### Working data ###
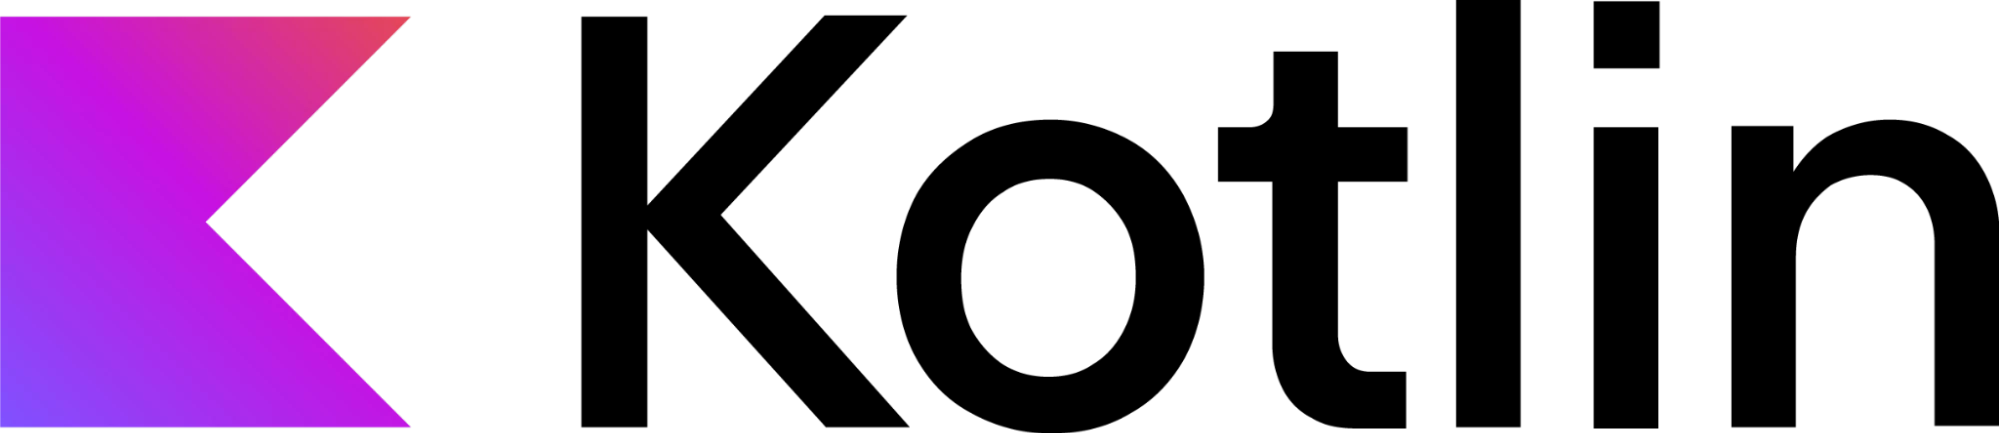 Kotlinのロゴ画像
###
### Working data ###
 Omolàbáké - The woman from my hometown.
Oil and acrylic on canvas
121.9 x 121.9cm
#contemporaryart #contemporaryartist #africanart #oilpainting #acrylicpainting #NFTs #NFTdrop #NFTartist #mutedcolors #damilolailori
###
> [What is needed]:
For the listing above, print only the lines starting at the line containing "121.9 x 121.9cm" and ending at the line containing "#contemporaryart #contemporaryartist #africanart", exactly, both included.

> [Solution to this task]:
121.9 x 121.9cm
#contemporaryart #contemporaryartist #africanart #oilpainting #acrylicpainting #NFTs #NFTdrop #NFTartist #mutedcolors #damilolailori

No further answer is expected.